Lori

Regions with significant populations
- Pakistan: 68,000^{[better source needed]}

Languages
- Saraiki

Religion
- Islam

Related ethnic groups
- Romani,^{[citation needed]} Jamote, Saraiki

= Lori people =

The Lori are a nomadic community found in the Pakistan. Originally from Sindh, the Lori migrated westward. They must not be confused with the Lurs, who are an entirely distinct people also living in Iran.

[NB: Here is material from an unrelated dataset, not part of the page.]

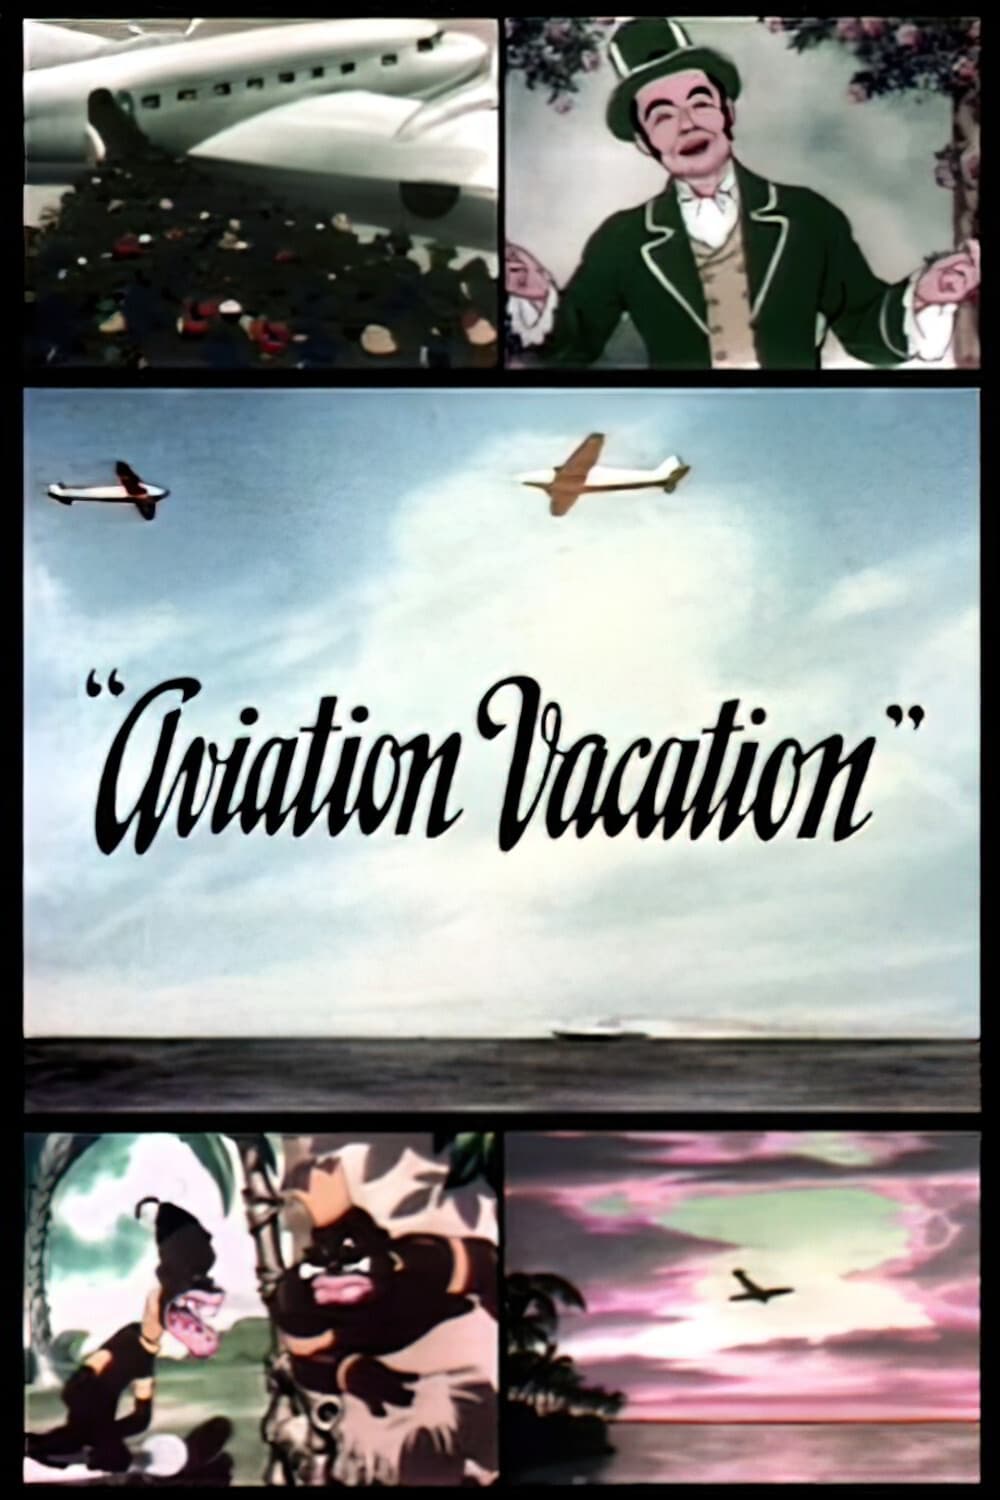 Aviation Vacation (1941)

== Present circumstances ==

Traditionally, the Lori along with Darzada, Nakib, Lundi, Lutti, Behari/Bahari and Wardili were the minstrels, carpenters, tailors, and the blacksmiths. Each occupational group is distinguished by a special appellation. For example, the carpenter is known as (Dar tarash Lori) and the blacksmith is known as (Asinkar Lori). Further, groups involved in entertainment are known as (Dohli), or drummers, and are a strictly endogamous group. The dholi are also involved in jugglery, palmistry, and fortune telling. Historically, they were also the sellers of donkeys; however, this occupation has declined with the growth in modern transportation.

In the Kachhi region of Balochistan, the Lori live among the Jamote. Their traditional occupation was blacksmithing with many of the women employed as midwives. Most Lori of Kacchi also speak Saraiki.